### Information shown

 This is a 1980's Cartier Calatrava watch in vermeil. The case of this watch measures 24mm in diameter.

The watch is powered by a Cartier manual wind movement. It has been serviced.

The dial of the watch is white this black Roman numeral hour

### Problem
Write the whole listing out again, exactly as it appears above.

### Response
 This is a 1980's Cartier Calatrava watch in vermeil. The case of this watch measures 24mm in diameter.

The watch is powered by a Cartier manual wind movement. It has been serviced.

The dial of the watch is white this black Roman numeral hour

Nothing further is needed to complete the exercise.